Data shown Block Start

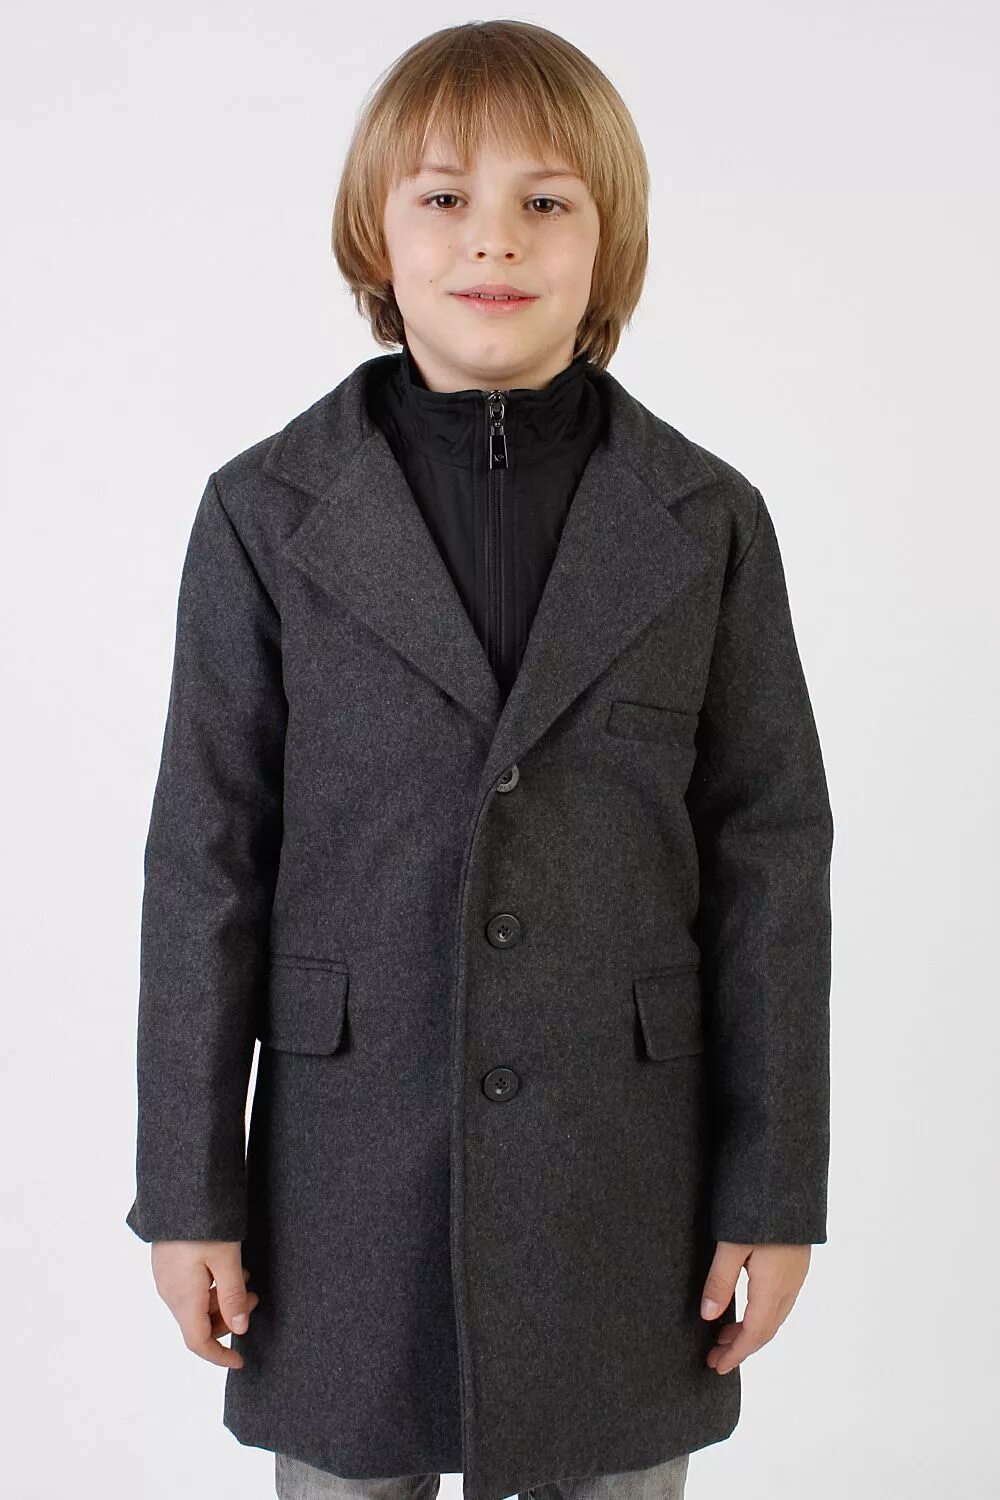 Пальто для подростка мальчика. Пальто Нобле пипл для мальчиков. Gulliver пальто для мальчика 222gsbv4503. Пальто шерстяное Гулливер. Noble people пальто для мальчика.
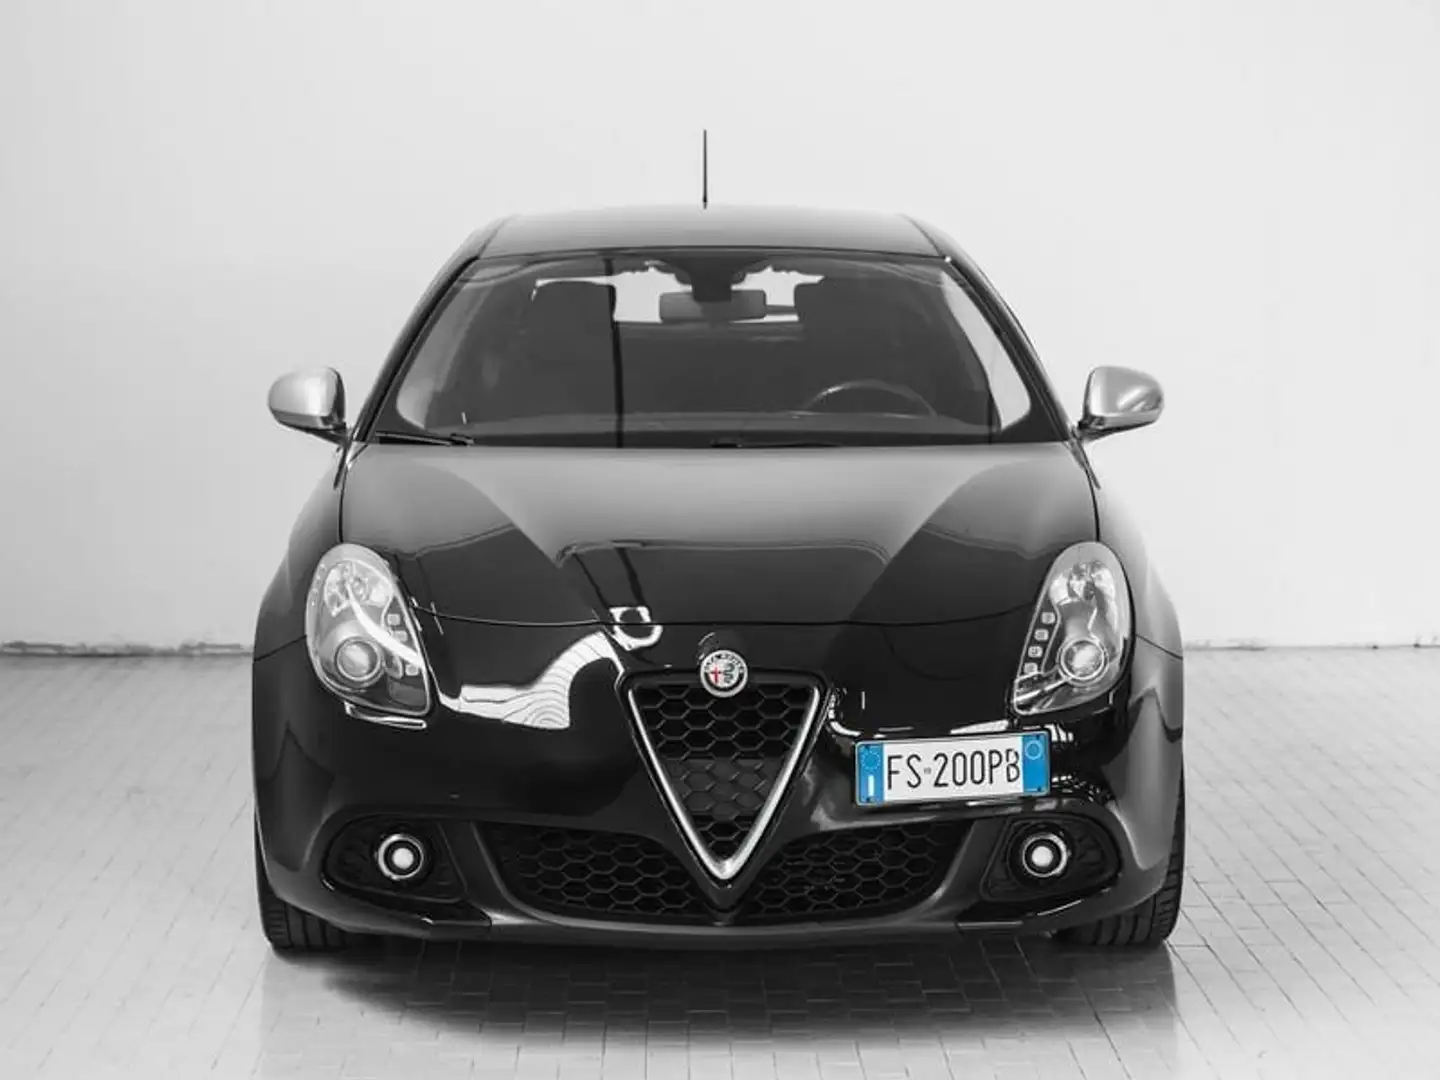 Alfa Romeo Giulietta 1.6 JTDm 120 CV Business - 2
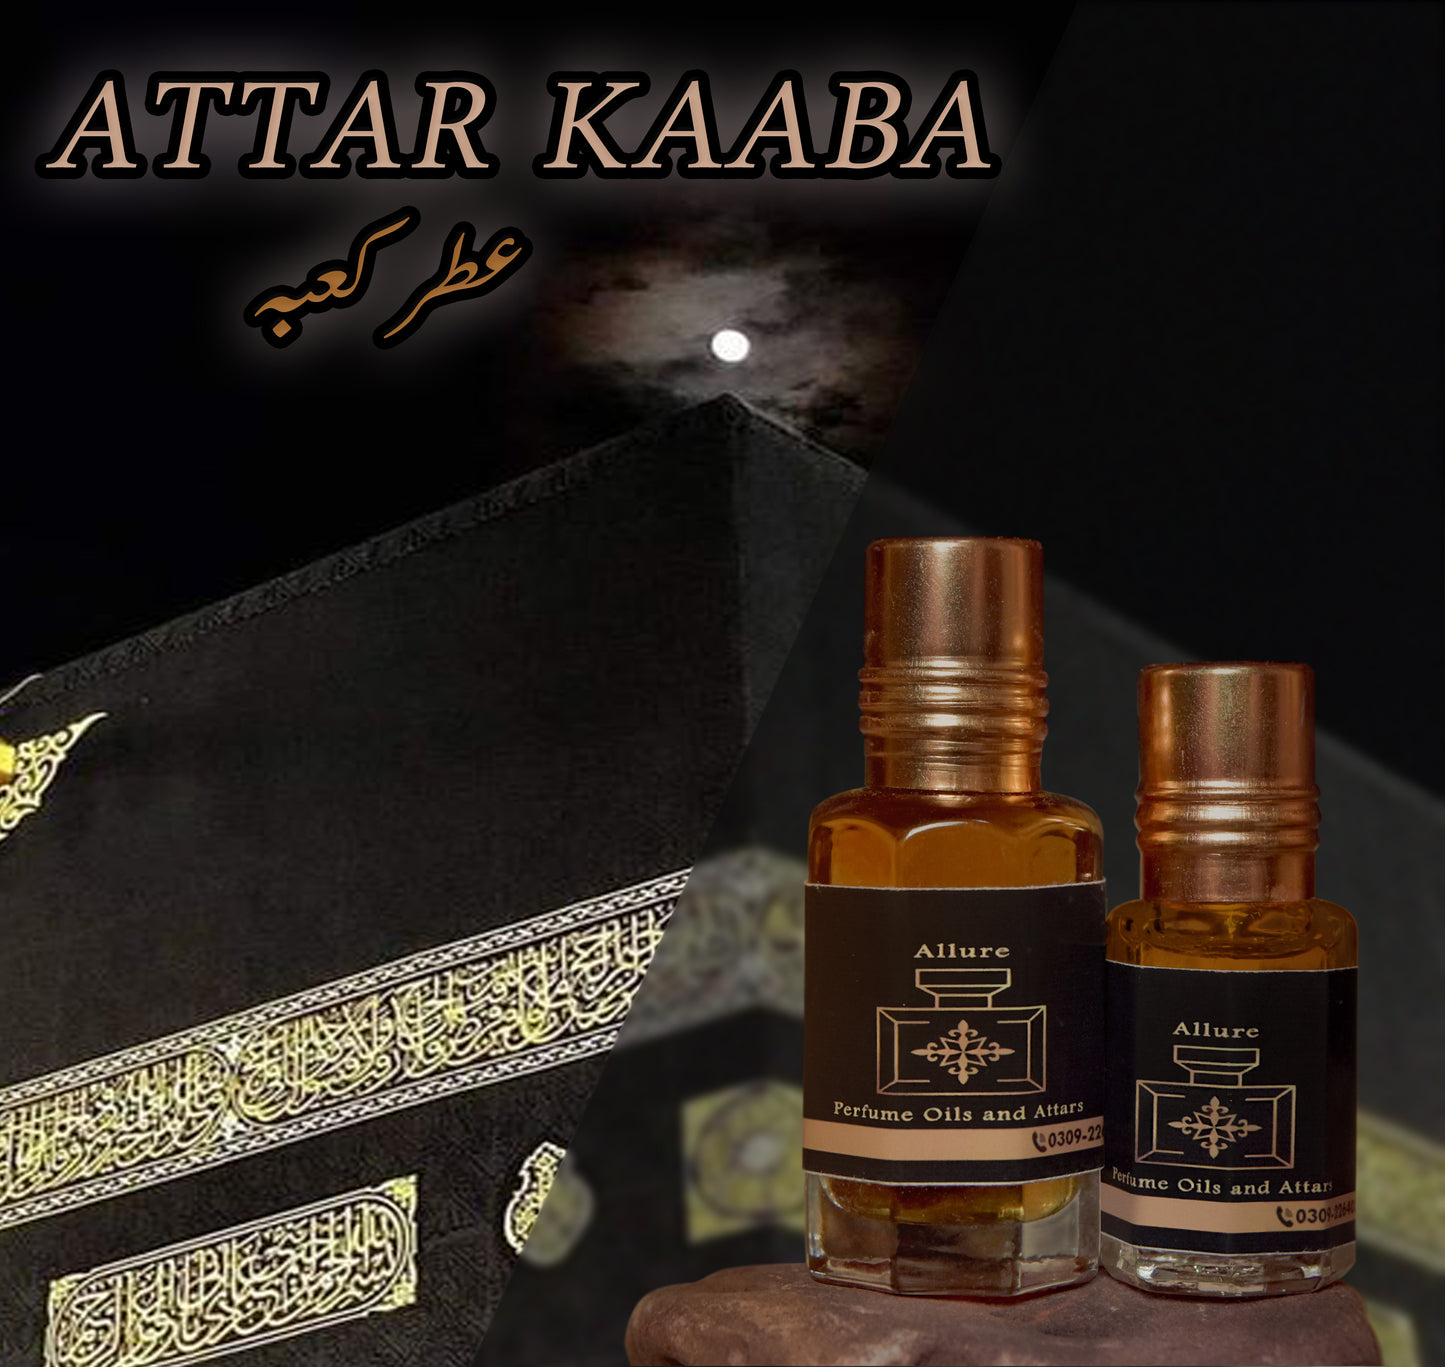 Attar Kaaba attar in high quality
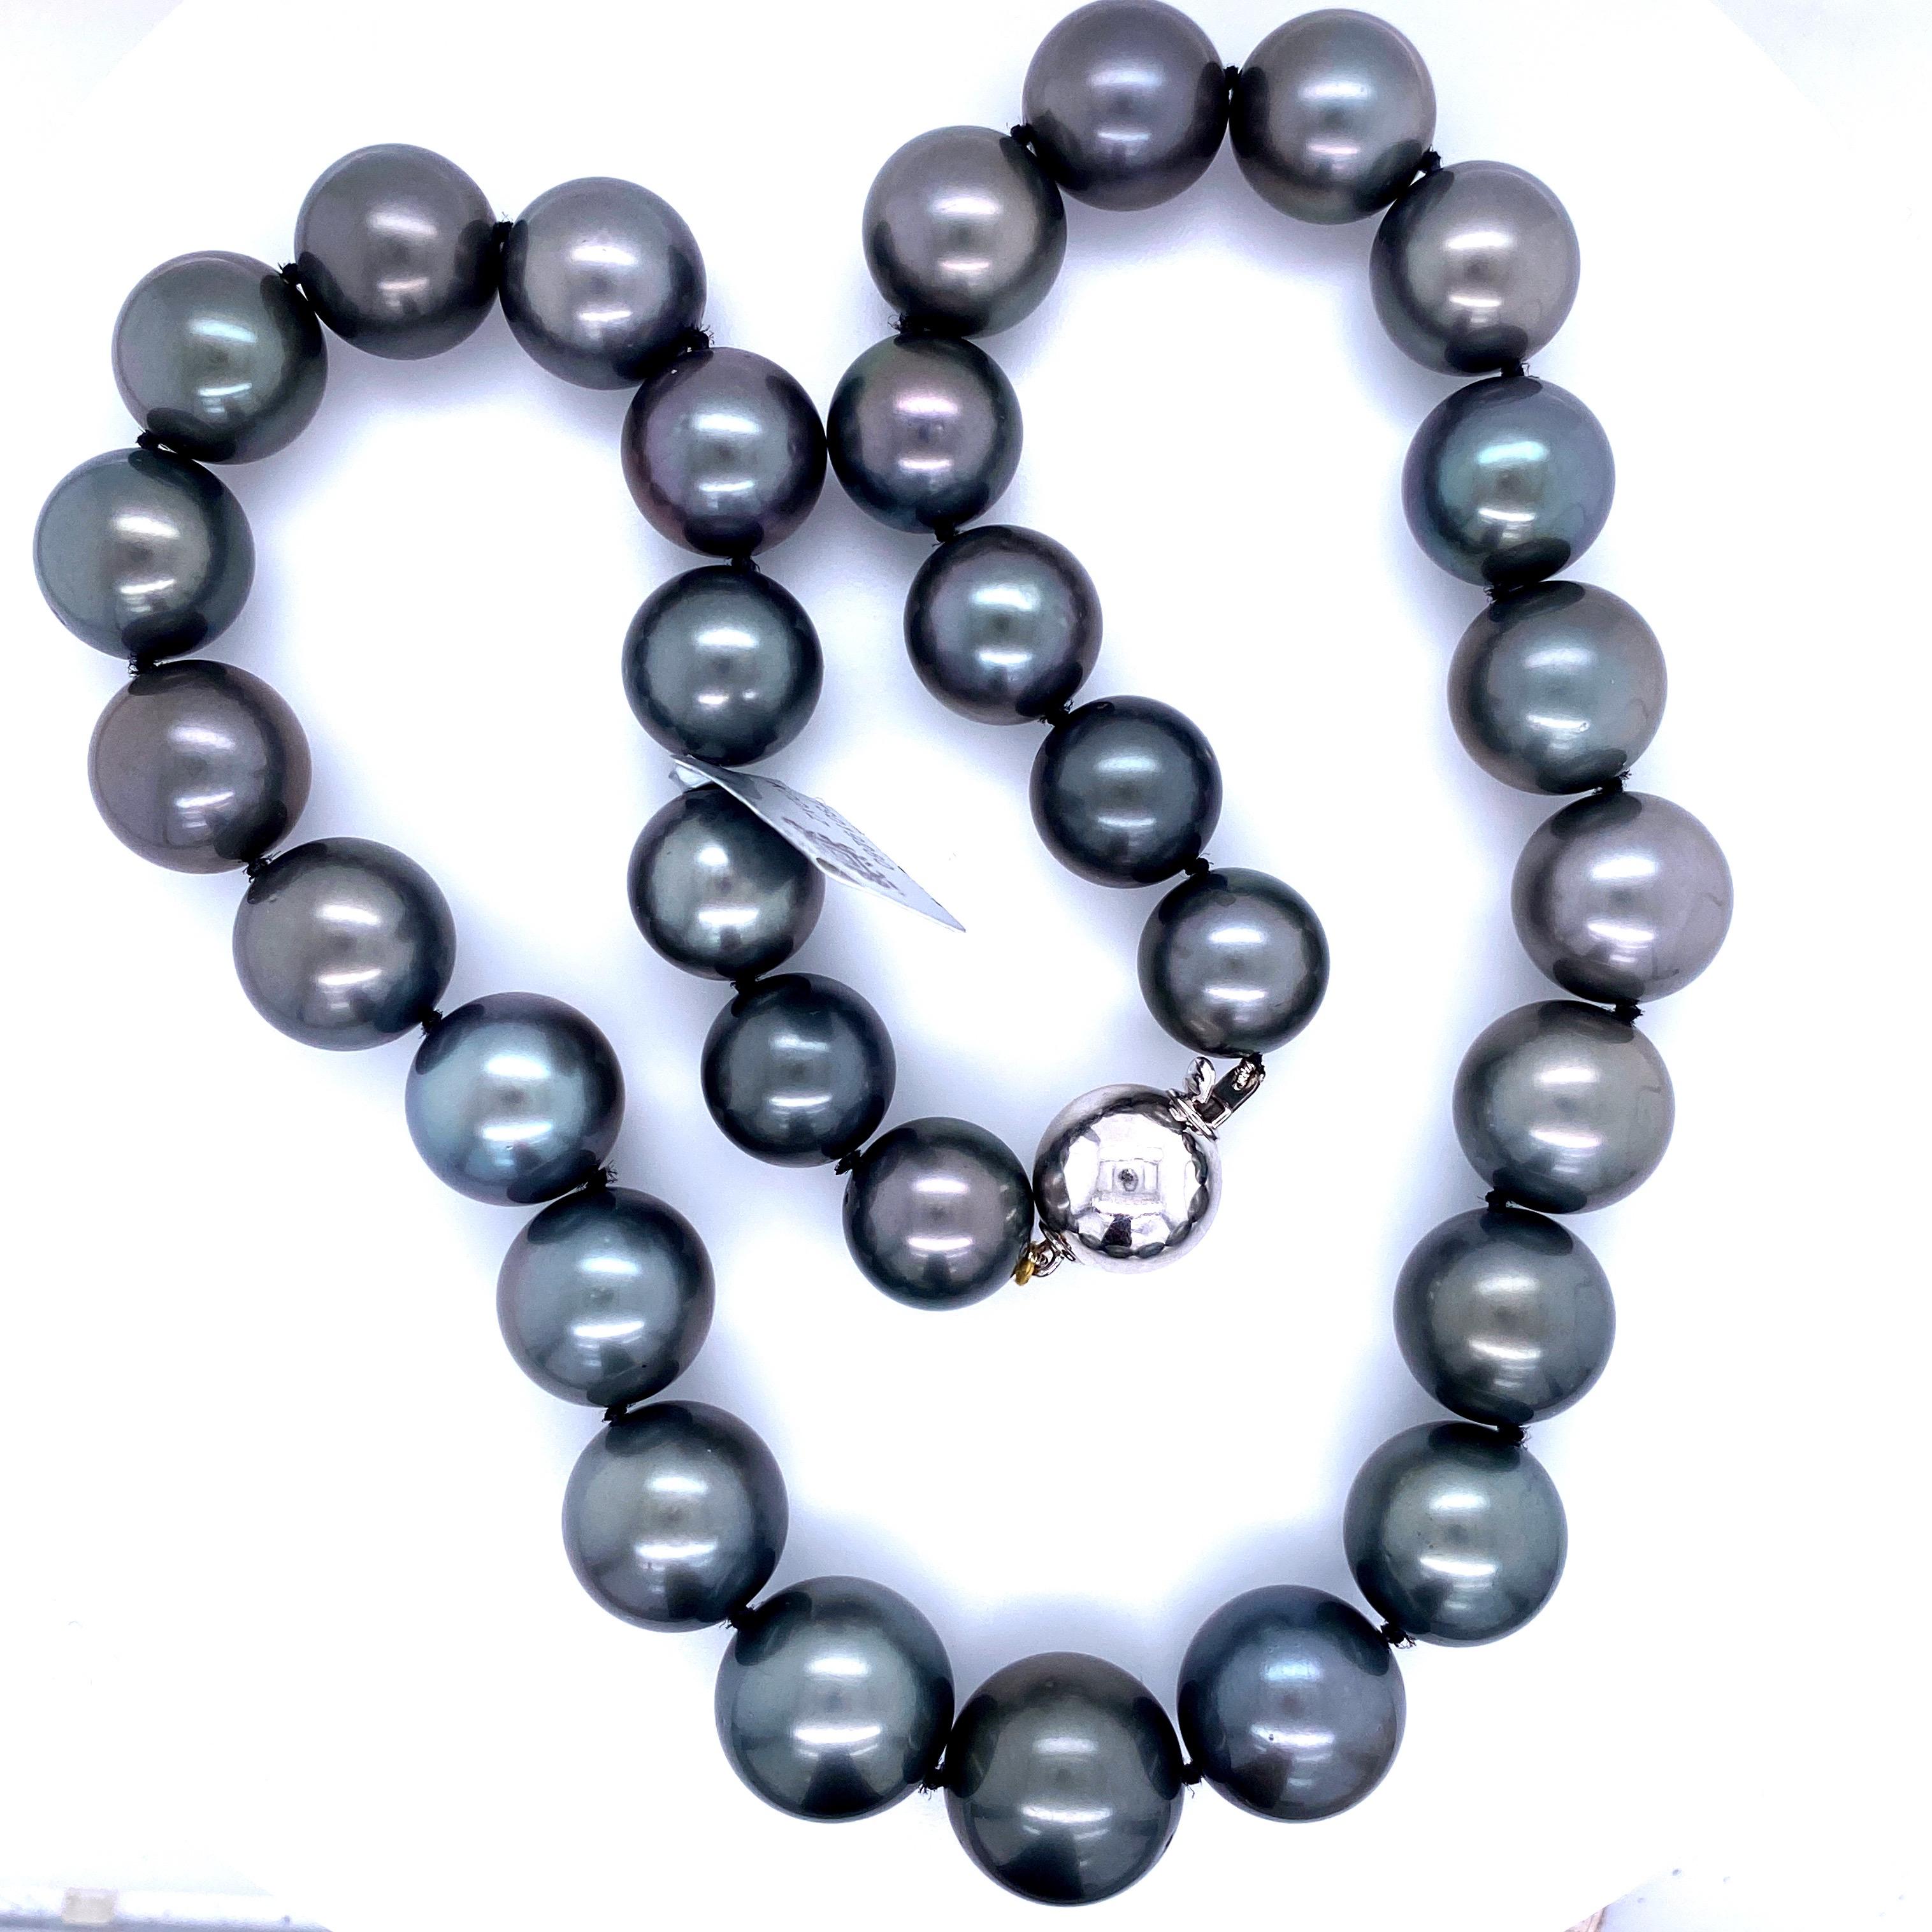 Perfekt abgestimmter Stamm von 31 runden grauen Tahiti-Perlen mit einer Größe von 12,1-14,9 MM mit einem 14k Weißgold Hochglanz-Verschluss. 

Qualität der Perlen: AAA
Perlglanz: AAA Ausgezeichnet
Perlmutt : Sehr dick

Der Strang kann auf Bestellung

Data shown Block End

#### Activity:
Beginning with the line that contains "Qualität der Perlen: AAA", restate word for word each line through the last one in the data, and write nothing more.

#### Answer for the task:
Qualität der Perlen: AAA
Perlglanz: AAA Ausgezeichnet
Perlmutt : Sehr dick

Der Strang kann auf Bestellung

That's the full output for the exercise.